> DESCRIPTION OF THE TASK
Taking the line with "Fusilli ai pomodori" as the first and the line with "Tokyo Made Dress" as the last, set down exactly every line in that range from the entries below, and no more.

> INPUT
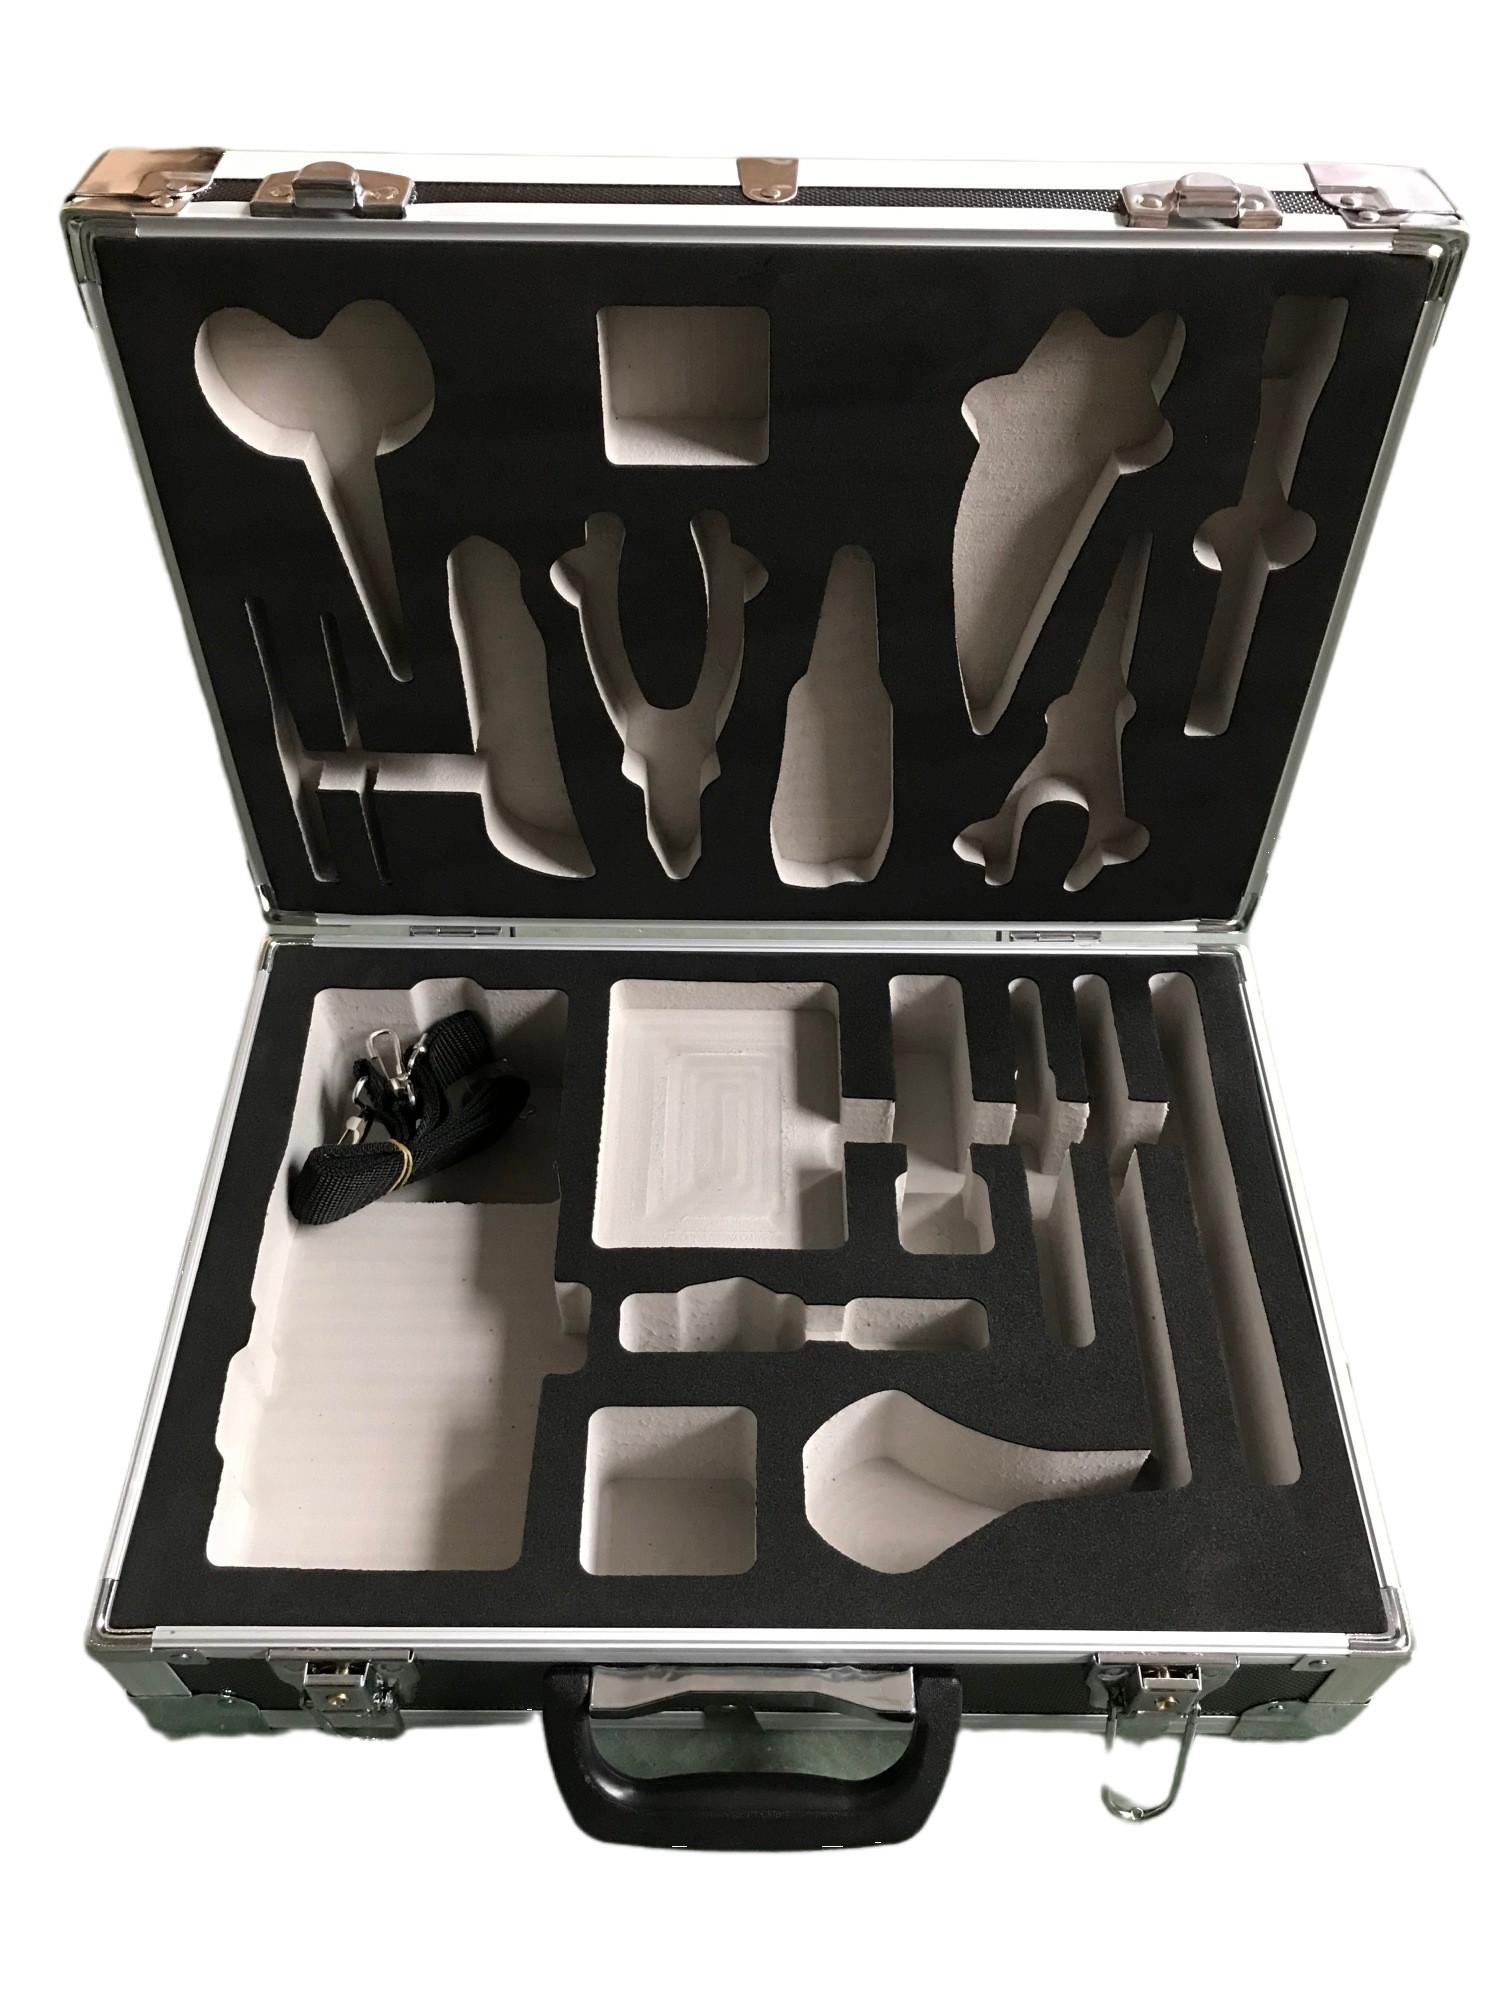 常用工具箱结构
--
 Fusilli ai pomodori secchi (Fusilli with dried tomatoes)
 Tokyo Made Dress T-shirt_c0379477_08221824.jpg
==
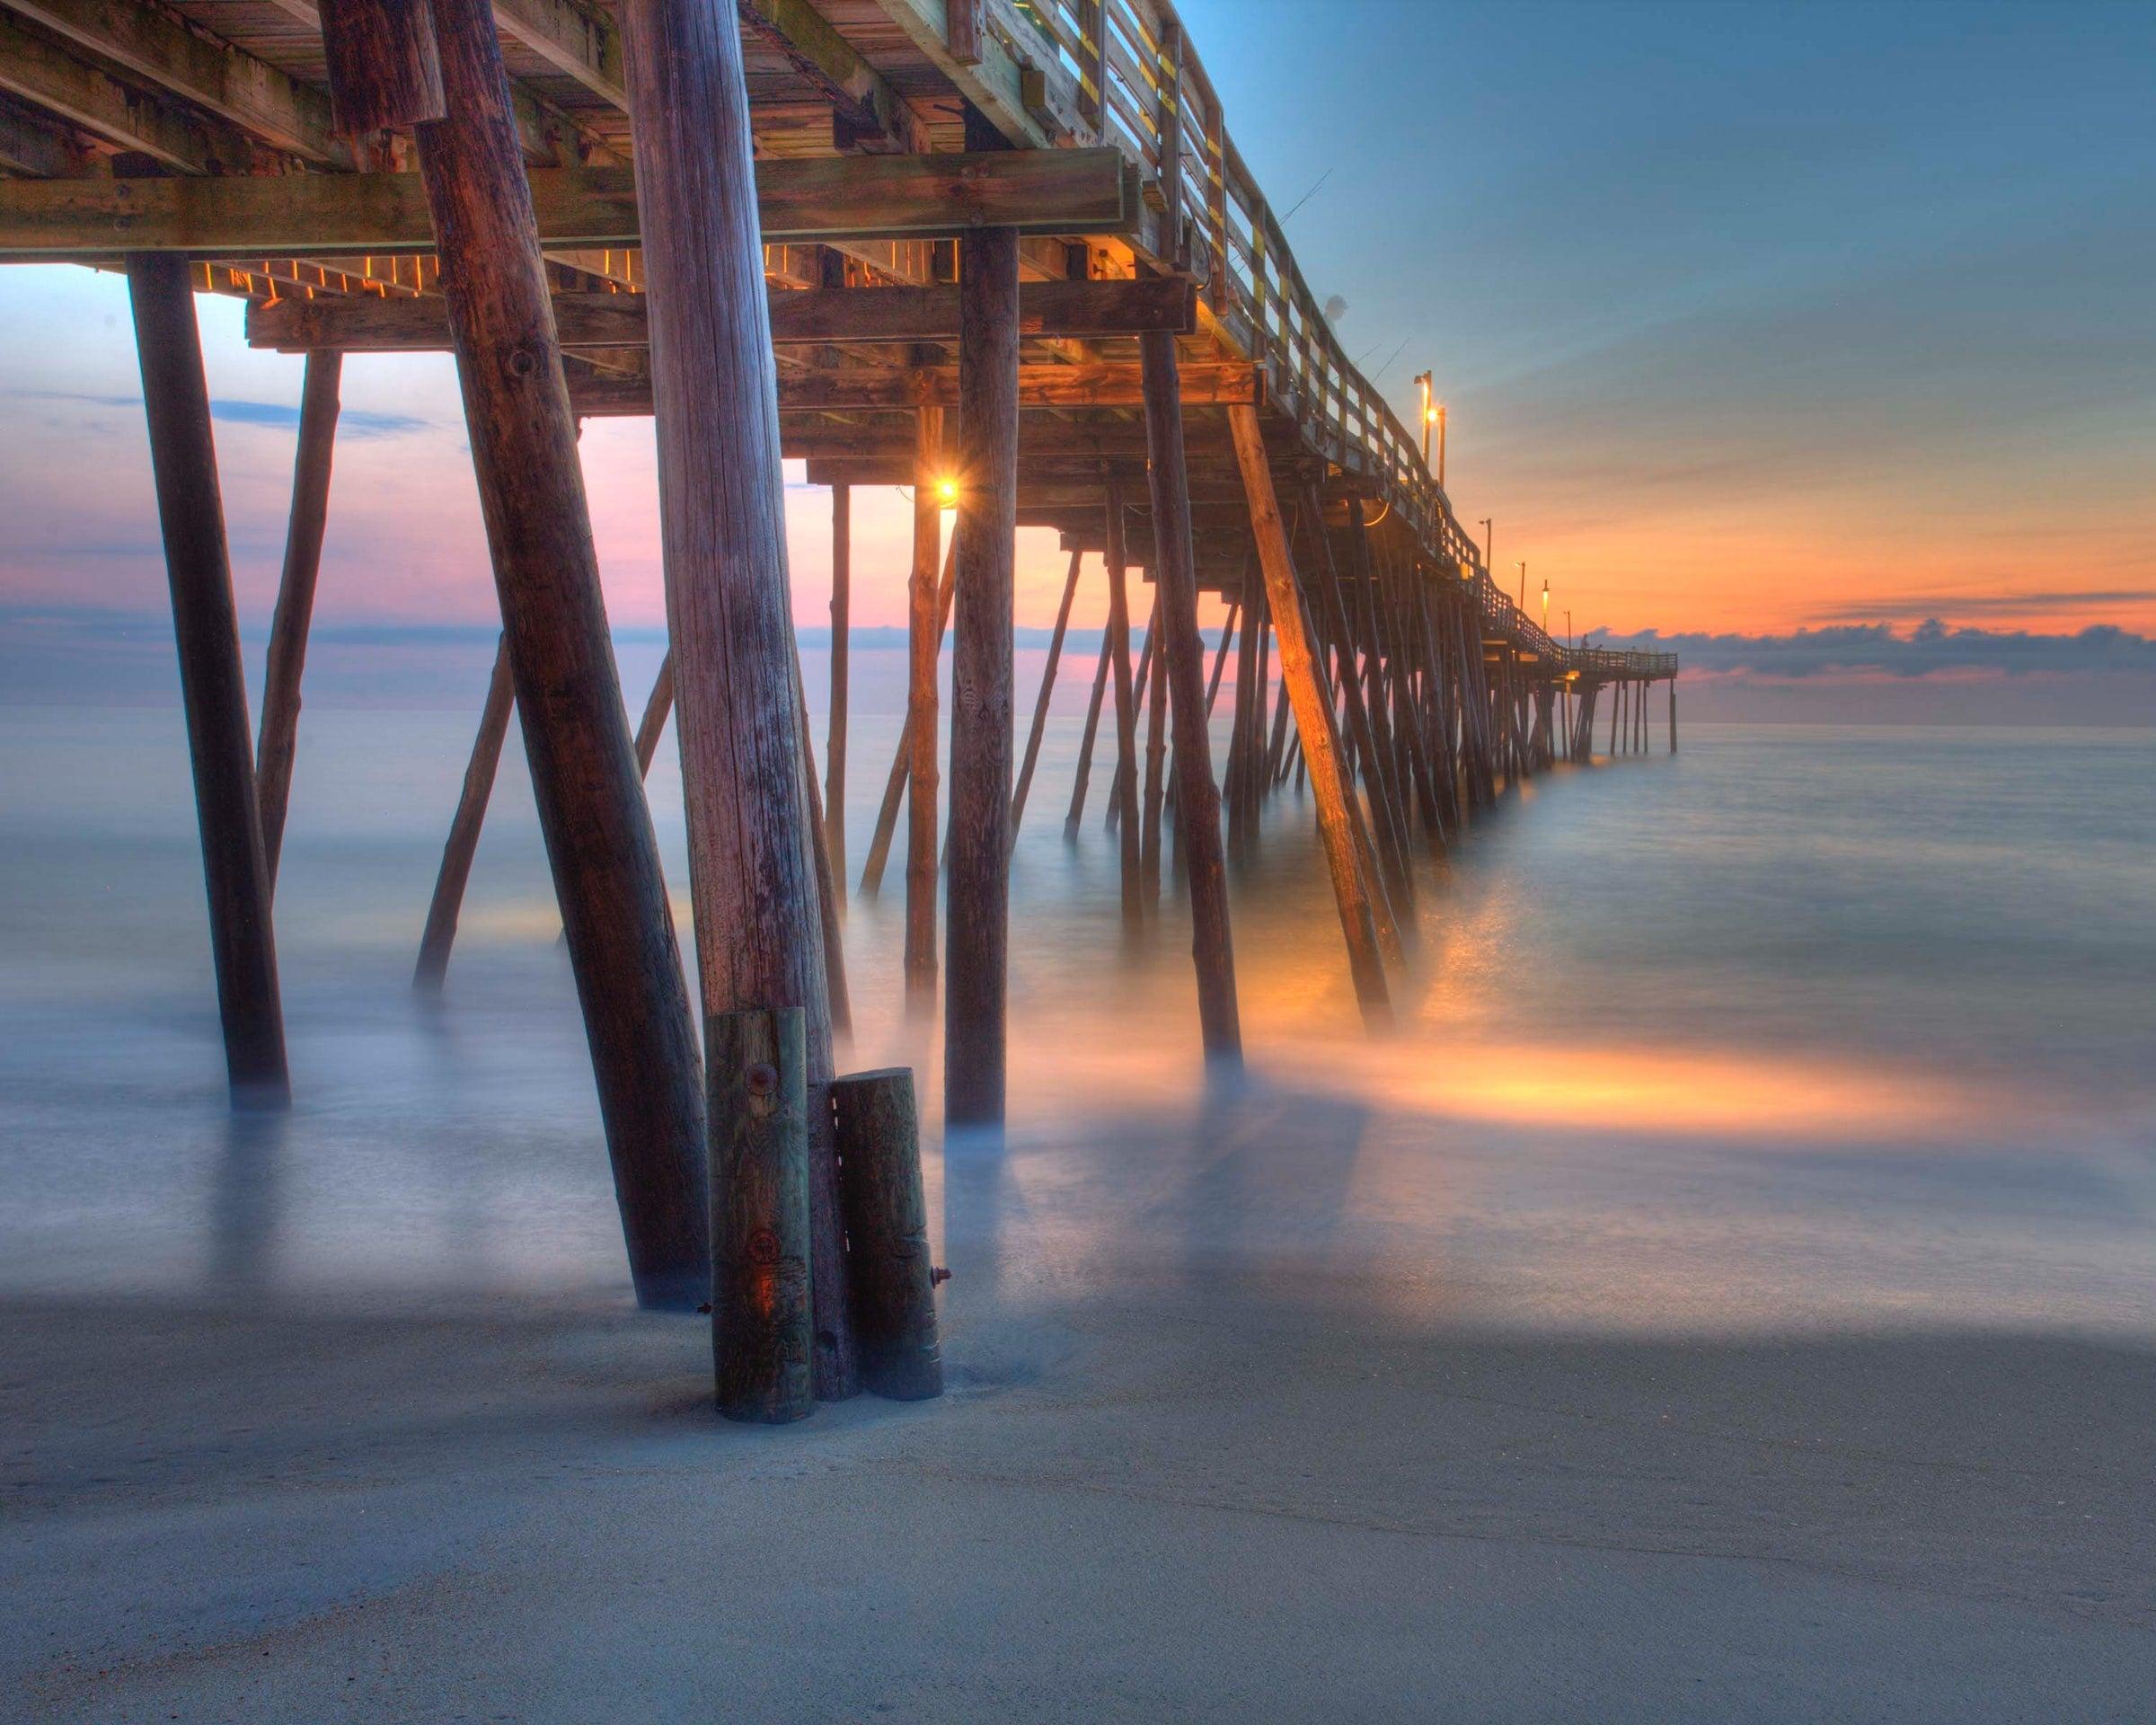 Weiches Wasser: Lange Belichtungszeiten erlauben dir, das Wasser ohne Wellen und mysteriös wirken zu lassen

> TASK RESPONSE
 Fusilli ai pomodori secchi (Fusilli with dried tomatoes)
 Tokyo Made Dress T-shirt_c0379477_08221824.jpg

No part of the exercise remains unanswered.